Basics
So this page details the specs of how exactly we're storing all that bloody data. It is VERY subject to revision until it's nailed down. Take right now, when I'm making it up on the spot.
Data. There are three forms we need to archive.
- Raw Data - This is the PDF, Excel sheet, whatever where we get the raw data. We must maintain a local copy of this at all times.
- Parsed Data / .sixml files - This is SixLink's data format. It's described below.

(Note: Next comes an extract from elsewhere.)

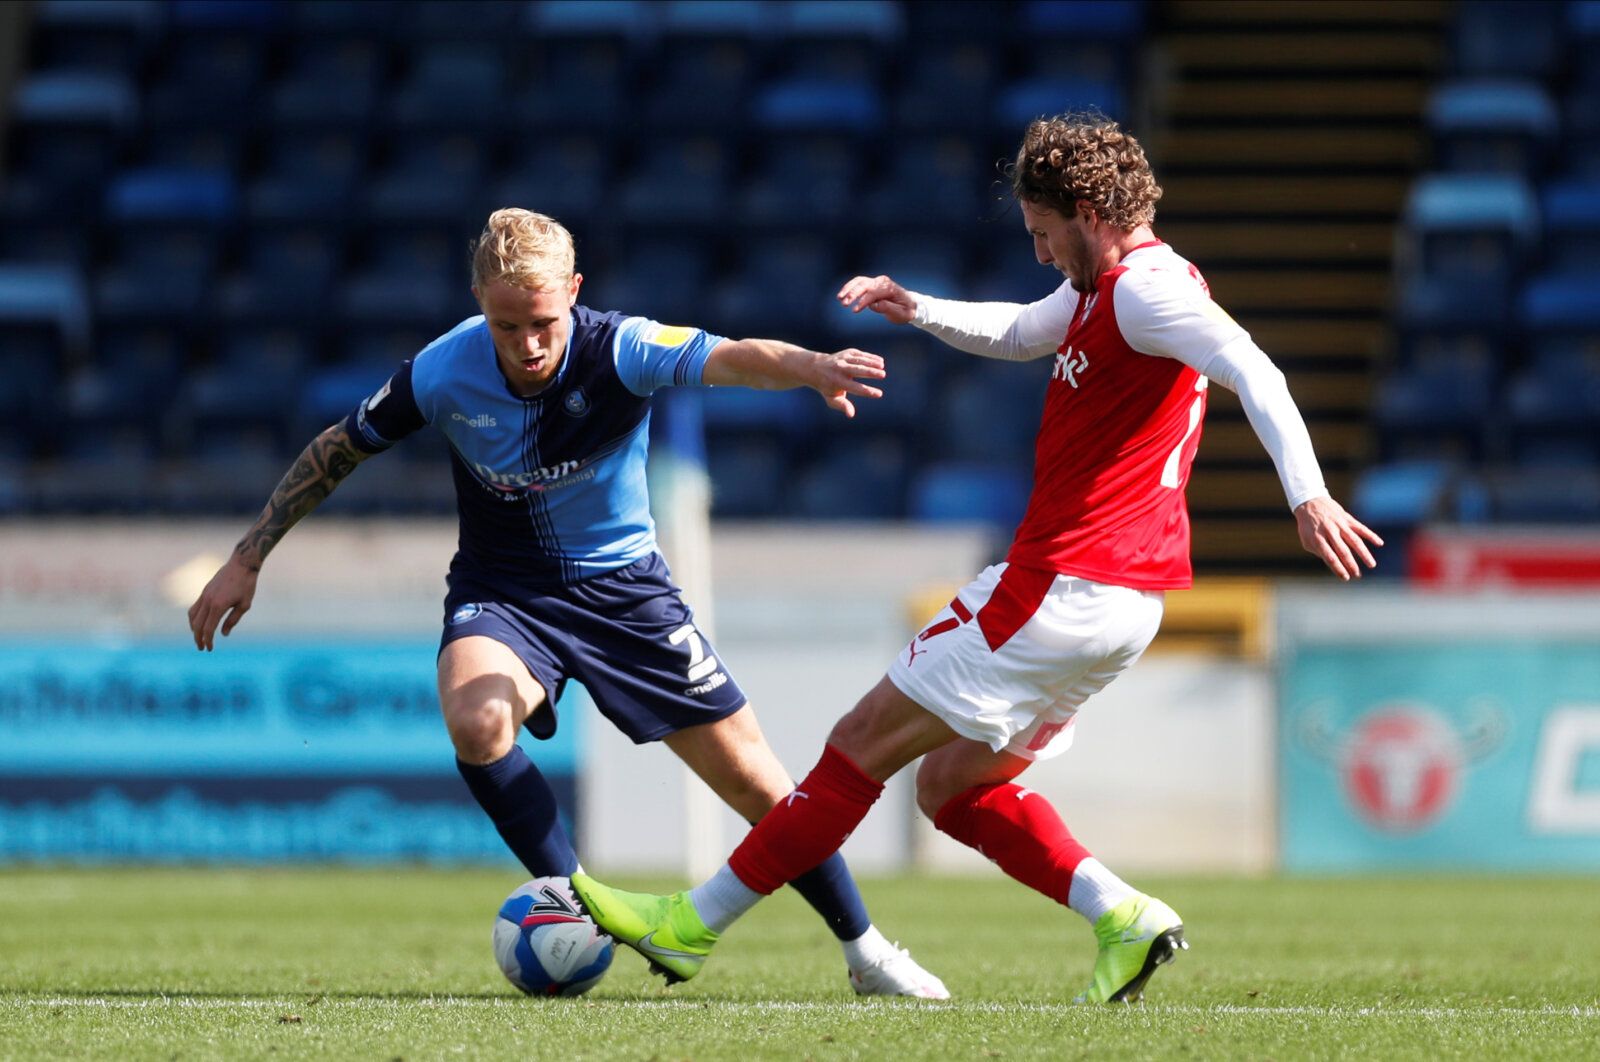 Soccer Football - Championship - Wycombe Wanderers v Rotherham United - Adams Park, High Wycombe, Britain - September 12, 2020   Wycombe Wanderers’ Jack Grimmer in action with Rotherham United’s Kieran Sadlier   Action Images/Matthew Childs    EDITORIAL USE ONLY. No use with unauthorized audio, video, data, fixture lists, club/league logos or

- Vis Data - These are (mostly) .xml files that the actual charts and such use. They include formatting information, and just the data we need to display.
.Sixml format
The file is composed of groups of datasets. Each data set contains:
The data portion contains:
- header row. ... x ... max
- values. [ n ... y ... m ] (note that \"n\" and \"m\" can have a value of \"rel\", which indicates that they should be scaled to the relative mins and maxes of the set.)
- goodness. [ 0 ... z ... 100] Goodness is a value judgement we have about how good a particular column is relative to others. It's used in display (color, size, etc). For example, wind power might have a goodness of 90, where coal would be down at 7.
Transformations
Whenever possible, the data transforms from raw to sixml should be automated, and the code preserved. We're pretty platform agnostic on this. I'd say they should be done in either python, ruby, or php.
Transformations from sixml to visualizaion xml must be automated, and will be a part of the back-end visualization code. To begin, we'll have the viz code regenerate manually (one of us hits the button when new data goes live), but eventually this system could be automated. Importantly, transforms will not be done real-time on the live site. For real-time, updated data, we'll be pulling from the database. If we run into a graph that really does update very often, we can re-evaluate this system.